The activist is referring to the inclusion of West Papua under Indonesia sovereignty. Although Indonesia gained independence in 1949*, the Dutch government kept control over West Papua until 1961. Keen to get his hands on the resource rich region, Indonesia’s first President, Sukarno, made repeated attempts through the United Nations to gain ownership. Frustrated with a lack of progress, Indonesia deployed tens of thousands of armed troops to take the western half of New Guinea Island by force. 

The Kennedy administration, keen to avoid confrontation and the loss of another Asian country to communism, brokered the New York Agreement between the Dutch and Jakarta in 1962.The agreement transferred control of the colony to Indonesia on the condition it committed to hold a referendum on independence, to be called the ‘Act of Free Choice.’

In 1969, 1,025 handpicked Papuans – out of a population of over 1 million – were chosen for the vote. These ‘representatives’ unanimously chose for West Papua to remain within Indonesian sovereignty.
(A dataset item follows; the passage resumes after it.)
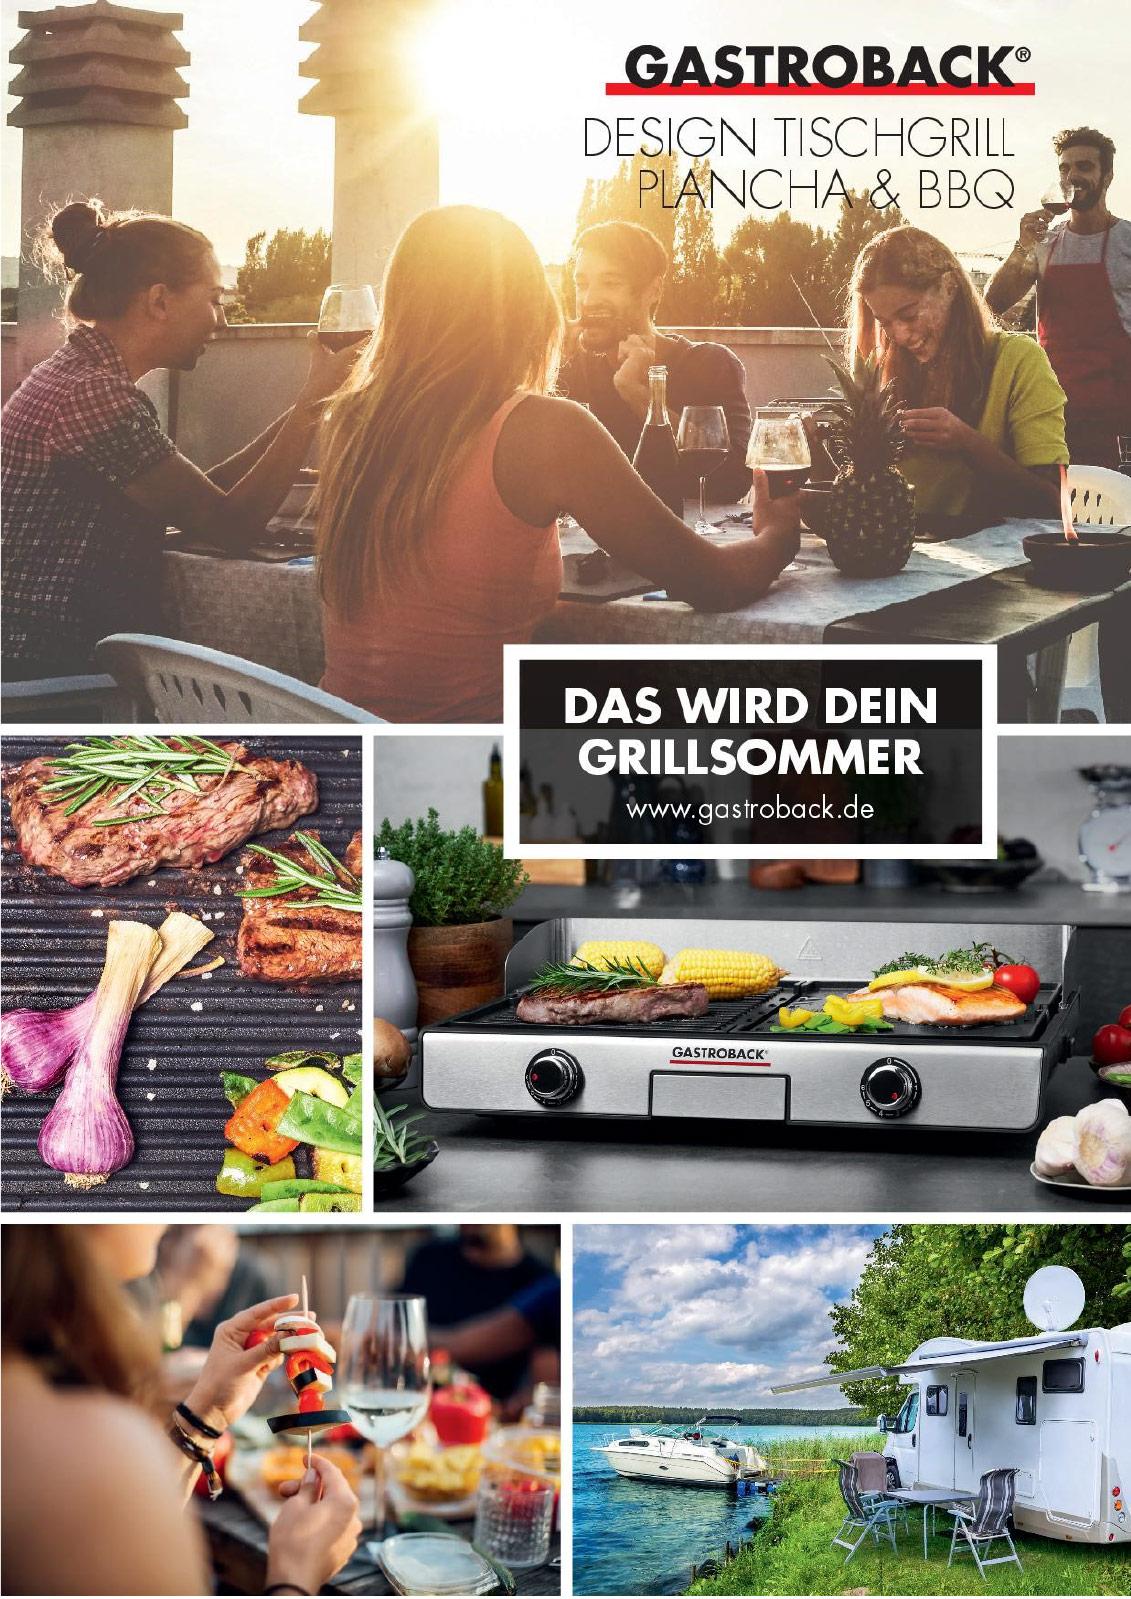 Gastroback Tischgrill Planche&BBQ Produktblatt

Amid allegations of threats to voters, a British Foreign and Commonwealth Office briefing that year found ‘the process of consultation did not allow a genuinely free choice to be made,’ while the US ambassador to Indonesia said, ’95 percent of indigenous Papuans wanted to have freedom.’

Across West Papua, the Act was seen as a complete sham, fuelling protests and inspiring parts of the population to take up arms. The Indonesian military launched widespread campaigns to quell dissent. Thousands of refugees fled the country and members of the resistance set up armed groups deep in the jungle, where they remain today still fighting for independence.

Foreign journalists are rarely granted permission to visit West Papua, and if they are, the trip is heavily restricted. Having arrived in Jayapura, the largest city on the island, I am whisked to the coast and into a boat. I am traveling to meet the rebels, but to avoid detection we take a lengthy boat trip along Papua’s pristine coastline.